Github user omalley commented on the issue:
https://github.com/apache/orc/pull/169
Ok, starting with the representation. I'd suggest it look like:
message StringStatistics {
optional string minimum = 1;
optional string maximum = 2;
// sum will store the total length of all strings in a stripe
optional sint64 sum = 3;
// If the minimum or maximum value was longer than 1024 bytes, store
a lower or upper
// bound instead of the minimum or maximum values above.
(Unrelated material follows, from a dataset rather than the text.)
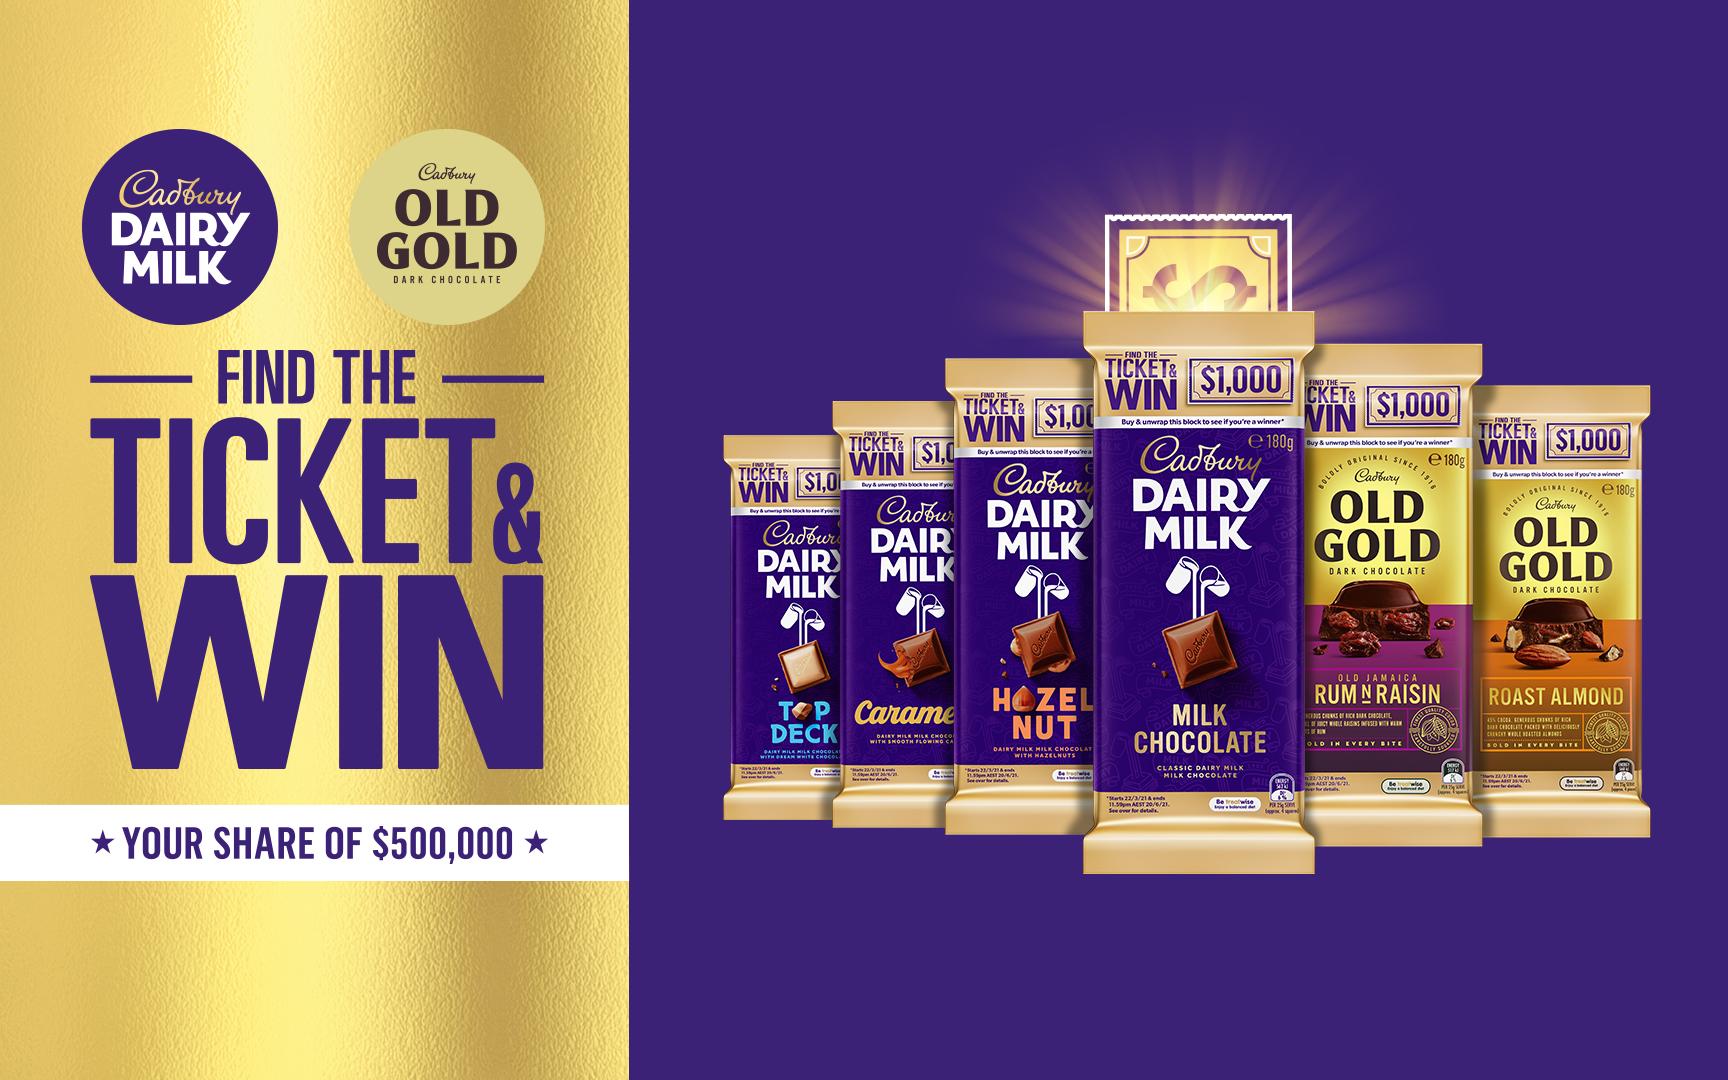 Cadbury Find the Ticket Promotion Key Visual

optional string lowerBound = 4;
optional string upperBound = 5;
}
Now obviously the lowerBound can just be the string truncated (at a utf8
character boundary!) to at most 1024 bytes. The upperBound is the same with the
last code point increased by one.
In the StringStatisticsImpl, I'd keep two boolean flags as to whether it is
a real value or an approximation for minimum or maximum. The value comparison
is the same, since unless the current value is less than the lower bound, it
won't change the lower bound and the same is true for the upper bound. If the
new minimum/maximum is not truncated, the corresponding wasTruncated flag
should be cleared. When merging, the flag follows the value. In the corner case
of two identical values where one was truncated, the non-truncated one is the
result.
We should end up with four methods for each:
* String getMinimum();
* String getLowerBound();
* String getMaximum();
* String getUpperBound();
If we only have a lower bound, getMinimum should be null and the same with
upper bound and getMaximum. getLowerBound and getUpperBound should match
getMinimum and getMaximum, if no truncation was done.
---